### DATA EXCERPTS
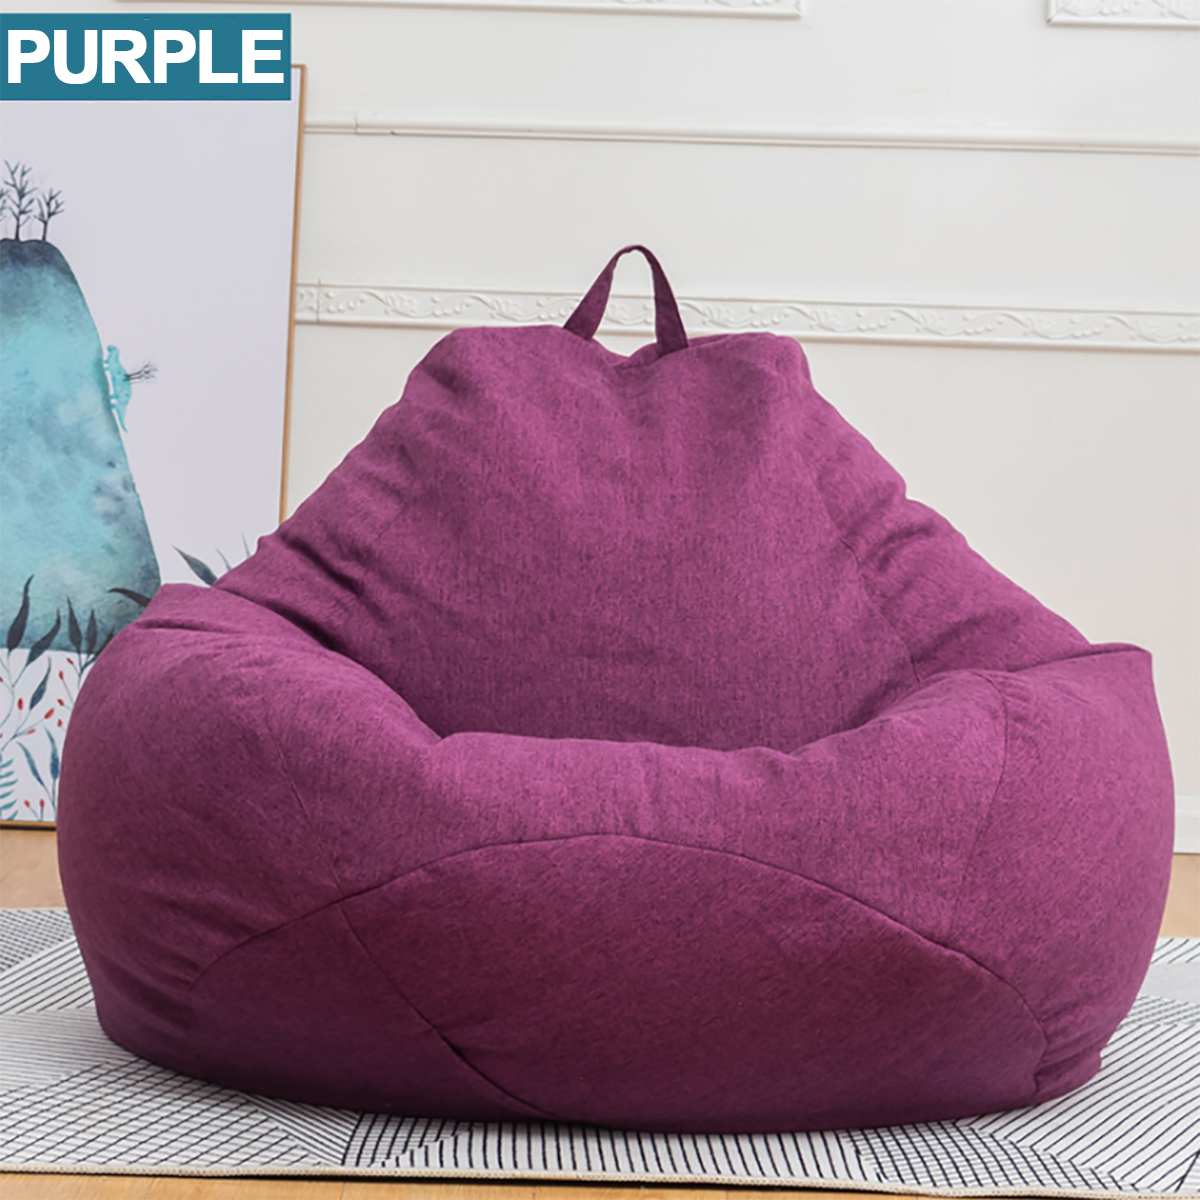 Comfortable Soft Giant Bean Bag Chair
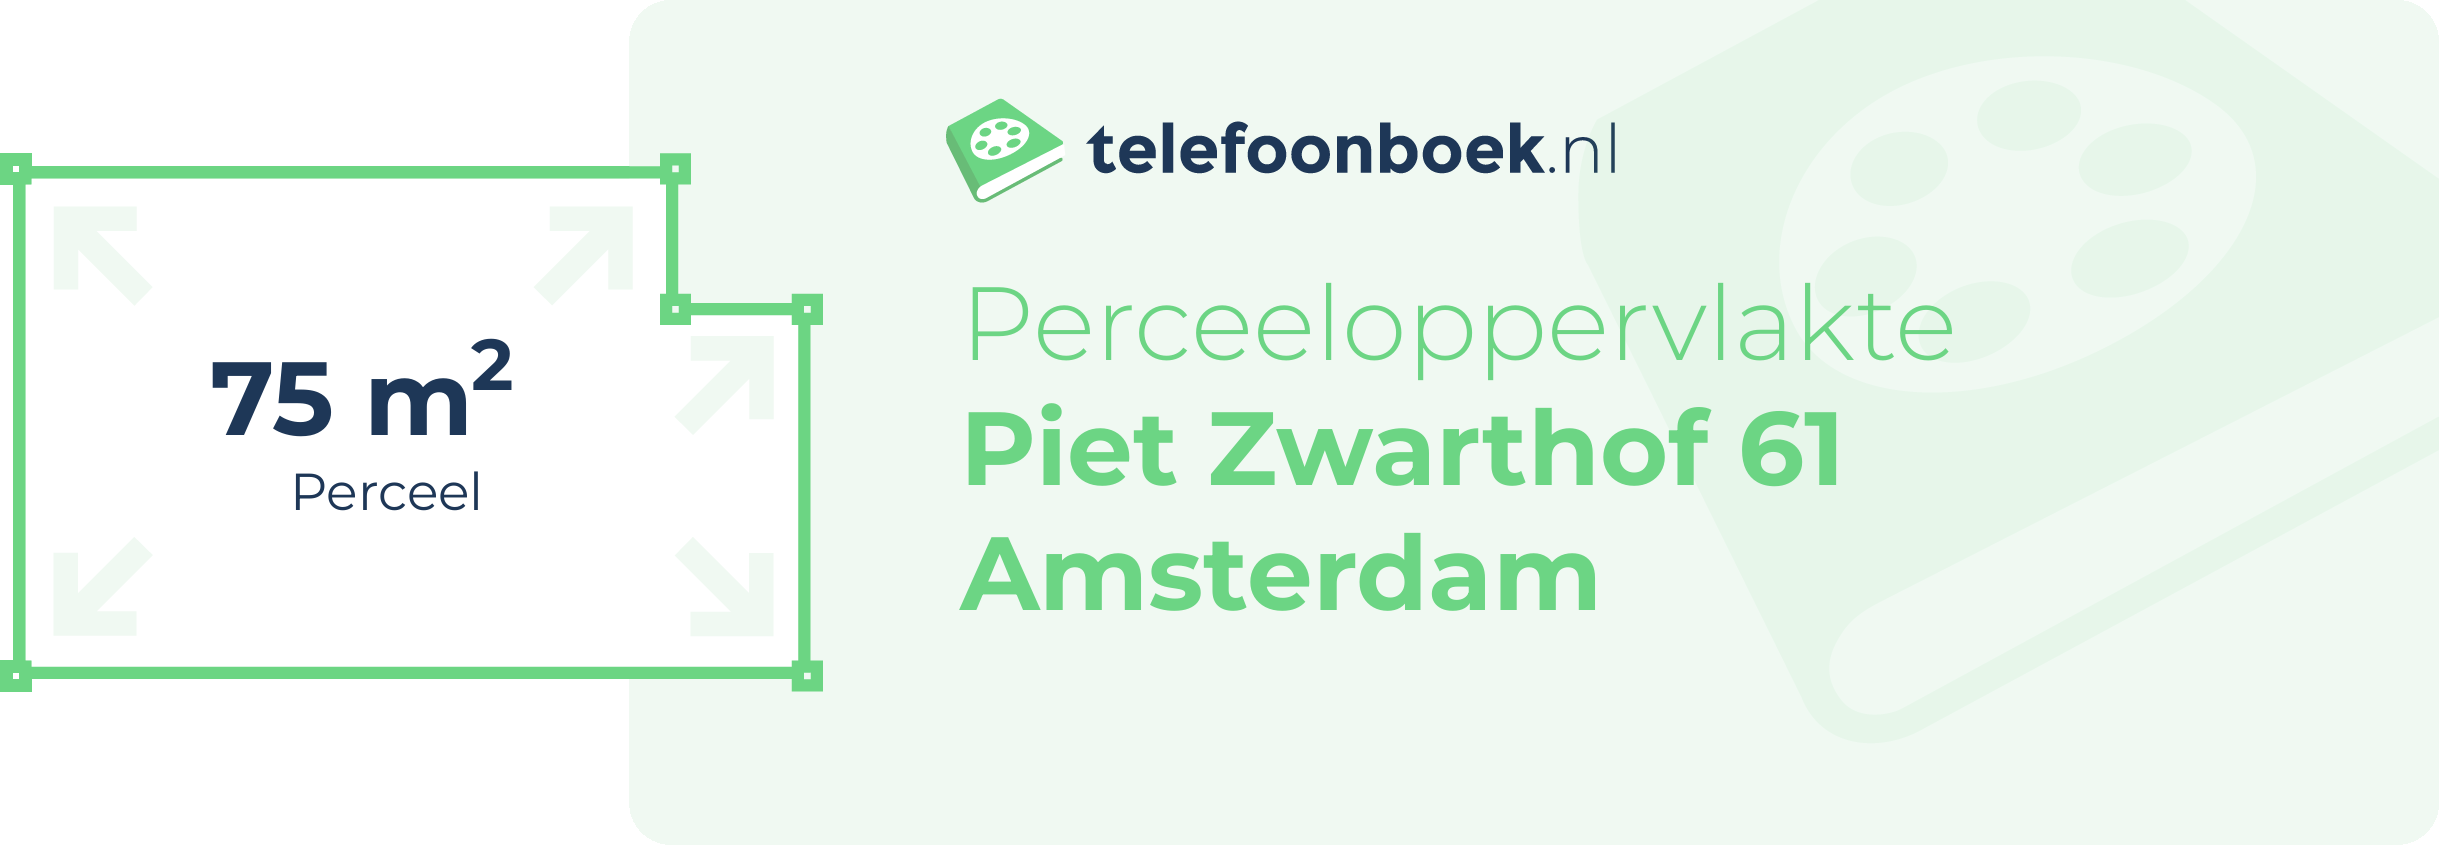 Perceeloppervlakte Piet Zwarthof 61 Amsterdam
==
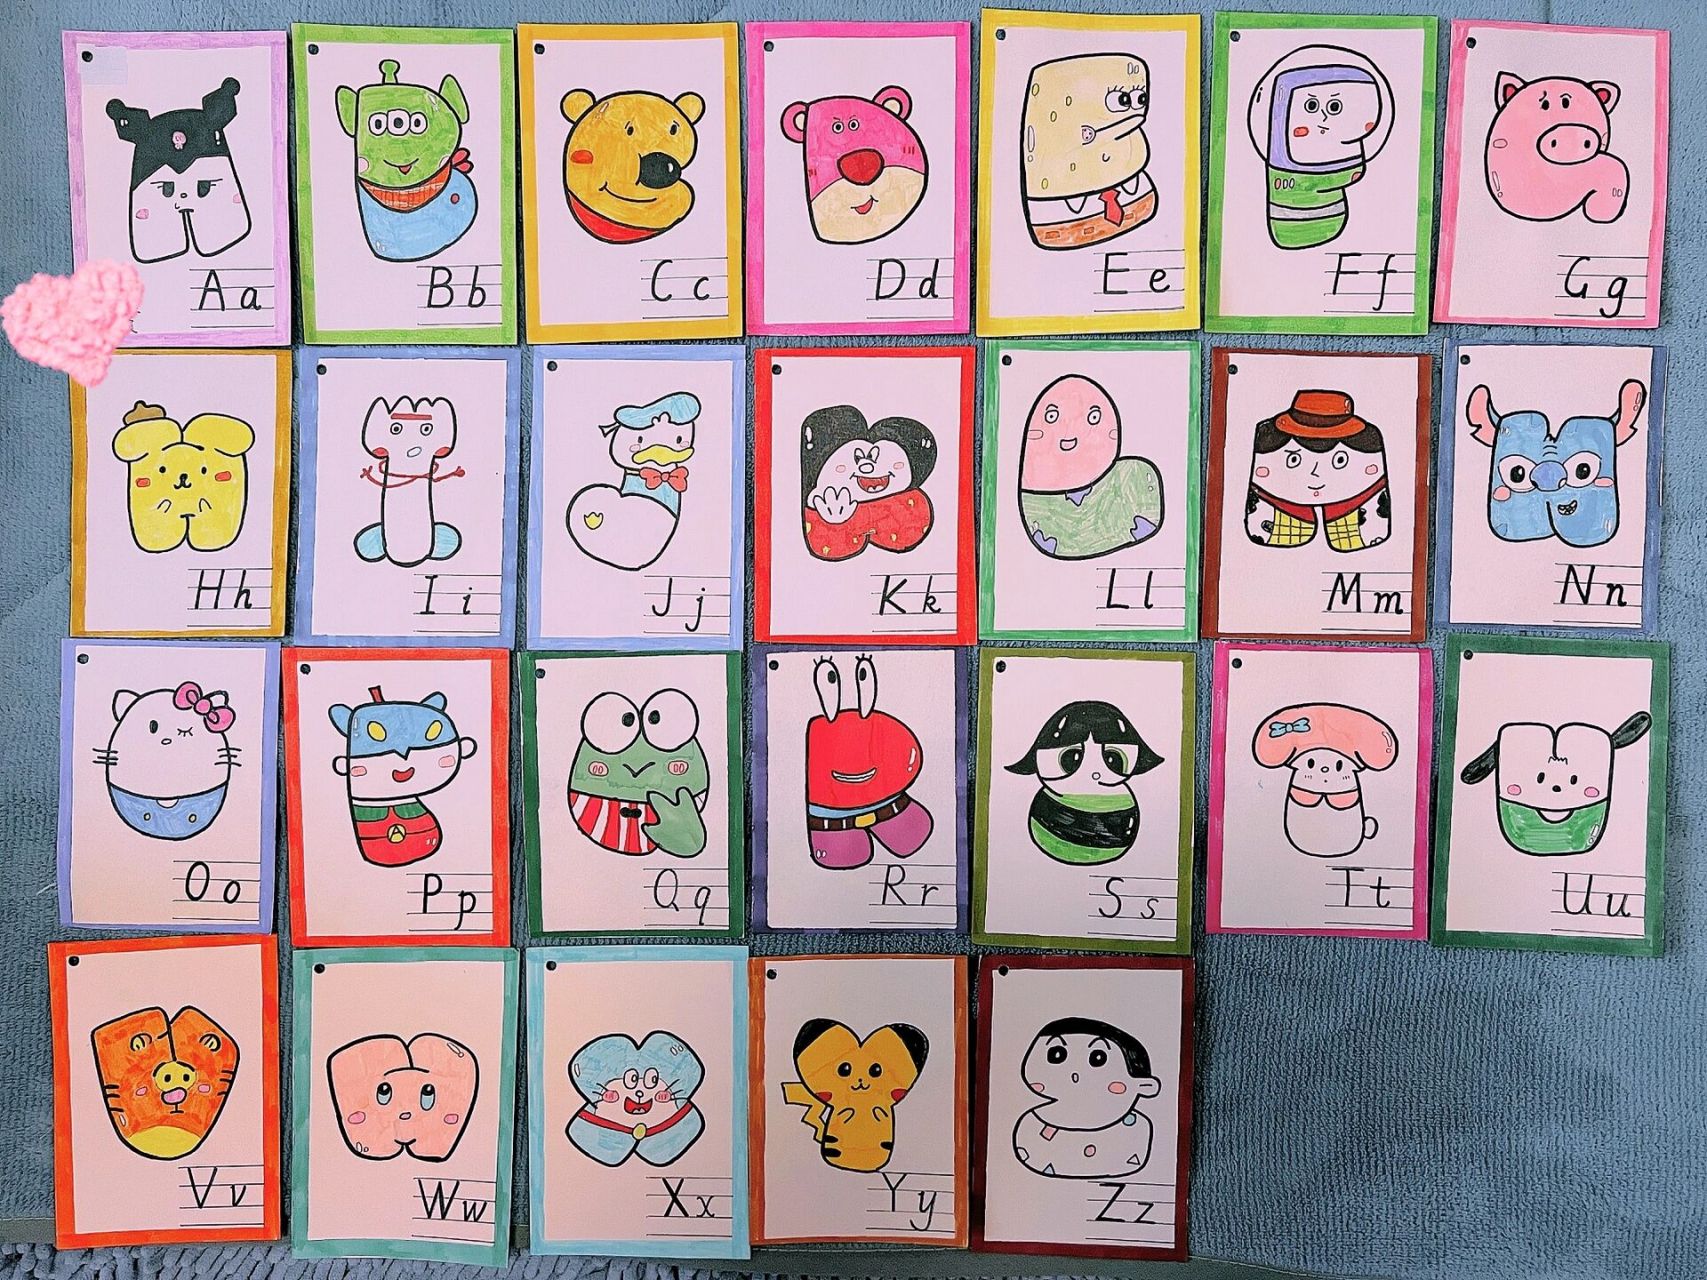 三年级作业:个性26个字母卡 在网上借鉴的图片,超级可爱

### WHAT THIS TASK INVOLVES
Pictures excluded, transcribe the listing above exactly from the line with "Comfortable Soft Giant Bean Bag Chair" through the line with "Perceeloppervlakte Piet Zwarthof", and no further.

### OUTPUT FOR THIS TASK
 Comfortable Soft Giant Bean Bag Chair
 Perceeloppervlakte Piet Zwarthof 61 Amsterdam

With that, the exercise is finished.